▶ **Exercise**
Your task is to repeat exactly the lines below between the line holding "chickens-01.11-2" and the line holding "Open cupboards diy", inclusive, and only those.

[Start of Attachment]

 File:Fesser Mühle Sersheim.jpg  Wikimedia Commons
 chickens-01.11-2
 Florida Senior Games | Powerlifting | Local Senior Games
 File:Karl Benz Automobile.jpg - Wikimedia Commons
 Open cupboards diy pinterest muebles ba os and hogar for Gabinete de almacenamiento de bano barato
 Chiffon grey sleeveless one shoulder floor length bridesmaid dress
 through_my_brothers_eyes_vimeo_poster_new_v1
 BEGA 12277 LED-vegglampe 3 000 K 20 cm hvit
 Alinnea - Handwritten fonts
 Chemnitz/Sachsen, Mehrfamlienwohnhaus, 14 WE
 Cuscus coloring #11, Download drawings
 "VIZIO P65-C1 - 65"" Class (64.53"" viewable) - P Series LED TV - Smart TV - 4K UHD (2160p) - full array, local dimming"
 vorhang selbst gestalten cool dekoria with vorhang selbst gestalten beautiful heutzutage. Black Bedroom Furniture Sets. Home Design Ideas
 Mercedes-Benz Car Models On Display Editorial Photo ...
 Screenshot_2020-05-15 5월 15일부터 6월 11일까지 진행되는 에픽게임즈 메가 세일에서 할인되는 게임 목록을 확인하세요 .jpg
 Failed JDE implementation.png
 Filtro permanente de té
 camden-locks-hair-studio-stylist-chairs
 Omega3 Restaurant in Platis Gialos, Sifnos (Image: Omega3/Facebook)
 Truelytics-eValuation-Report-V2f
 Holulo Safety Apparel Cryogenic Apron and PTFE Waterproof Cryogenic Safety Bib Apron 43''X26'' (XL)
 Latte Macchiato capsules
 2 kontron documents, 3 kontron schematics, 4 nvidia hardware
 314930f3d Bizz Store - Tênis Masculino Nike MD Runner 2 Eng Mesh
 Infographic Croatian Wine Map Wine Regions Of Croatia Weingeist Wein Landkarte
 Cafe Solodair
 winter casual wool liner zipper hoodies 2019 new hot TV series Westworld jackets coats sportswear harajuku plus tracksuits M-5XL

[End of Attachment]

▶ **Expected output**
 chickens-01.11-2
 Florida Senior Games | Powerlifting | Local Senior Games
 File:Karl Benz Automobile.jpg - Wikimedia Commons
 Open cupboards diy pinterest muebles ba os and hogar for Gabinete de almacenamiento de bano barato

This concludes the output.